As the largest contributor to water impairment, agriculture-related pollution has attracted the attention of scientists as well as policy makers, and quantitative information is being sought to focus and advance the policy debate. This study applies the panel unit root, heterogeneous panel cointegration, and panel-based dynamic ordinary least squares to investigate the Environmental Kuznets Curve on environmental issues resulting from use of agricultural synthetic fertilizer, pesticide, and film for 31 provincial economies in mainland China from 1989 to 2009. The empirical results indicate a positive long-run co-integrated relationship between the environmental index and real GDP per capita. This relationship takes on the inverted U-shaped Environmental Kuznets Curve, and the value of the turning point is approximately 10,000–13,000, 85,000–89,000 and over 160,000 CNY, for synthetic fertilizer nitrogen indicator, fertilizer phosphorus indicator and pesticide indicator, respectively. At present, China is subject to tremendous environmental pressure and should assign more importance to special agriculture-related environmental issues.
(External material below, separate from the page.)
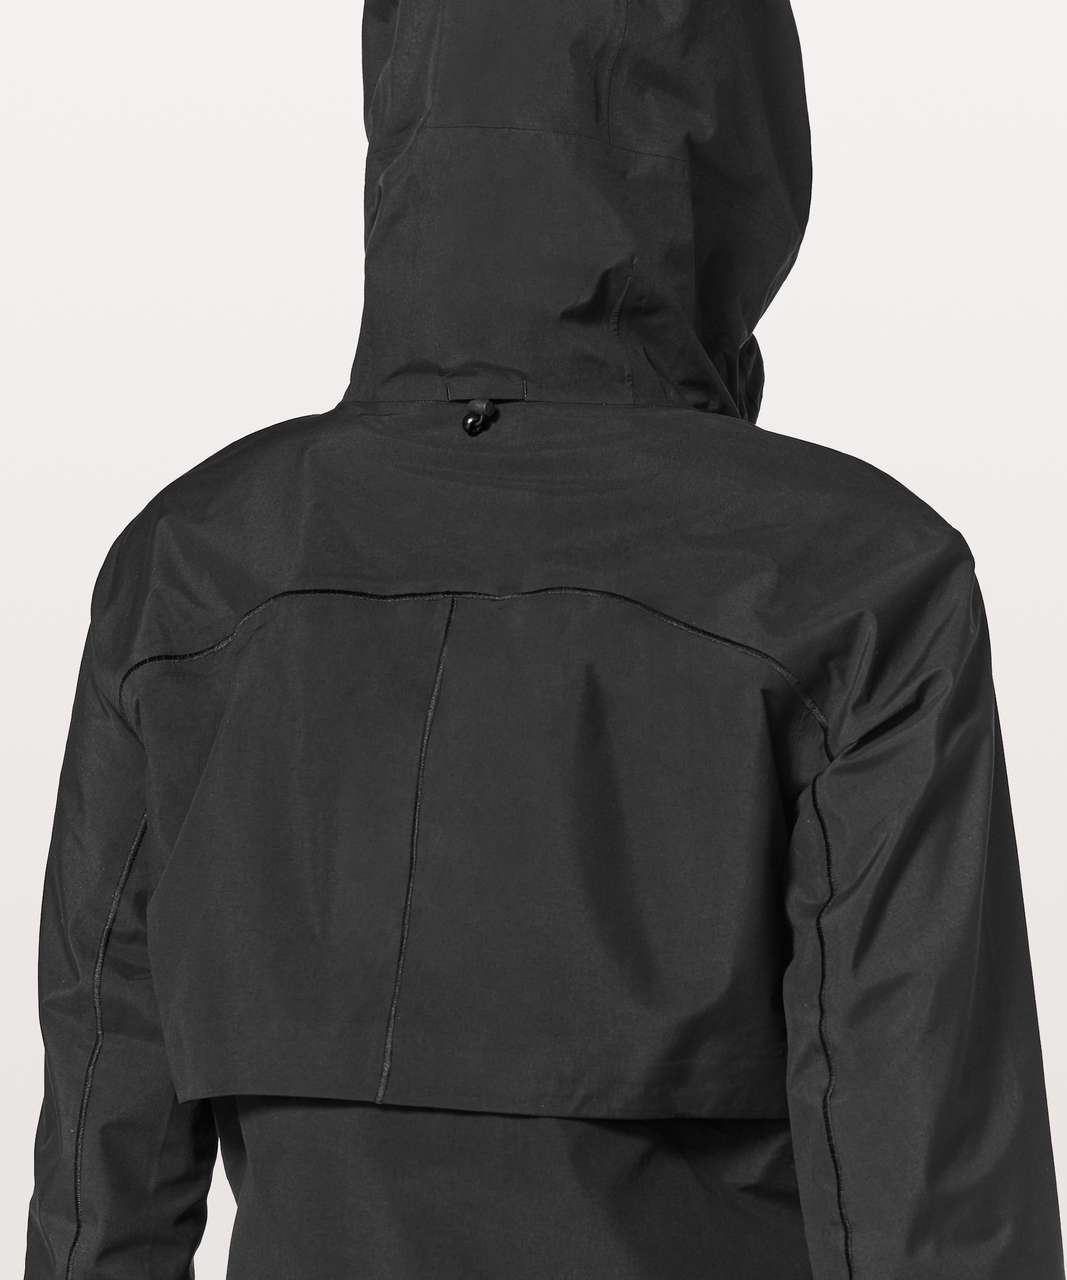 Lululemon Cloud Crush Jacket - Black

Keywords Environmental Kuznets Curve      agrochemical      China     
Corresponding Authors: Libiao YANG   
Online First Date: 23 April 2014    Issue Date: 01 February 2016
 Cite this article:   
Libiao YANG,Fei LI,Suocheng DONG, et al. Is there an inverted U-shaped curve? Empirical analysis of the Environmental Kuznets Curve in agrochemicals[J]. Front. Environ. Sci. Eng., 2016, 10(2): 276-287.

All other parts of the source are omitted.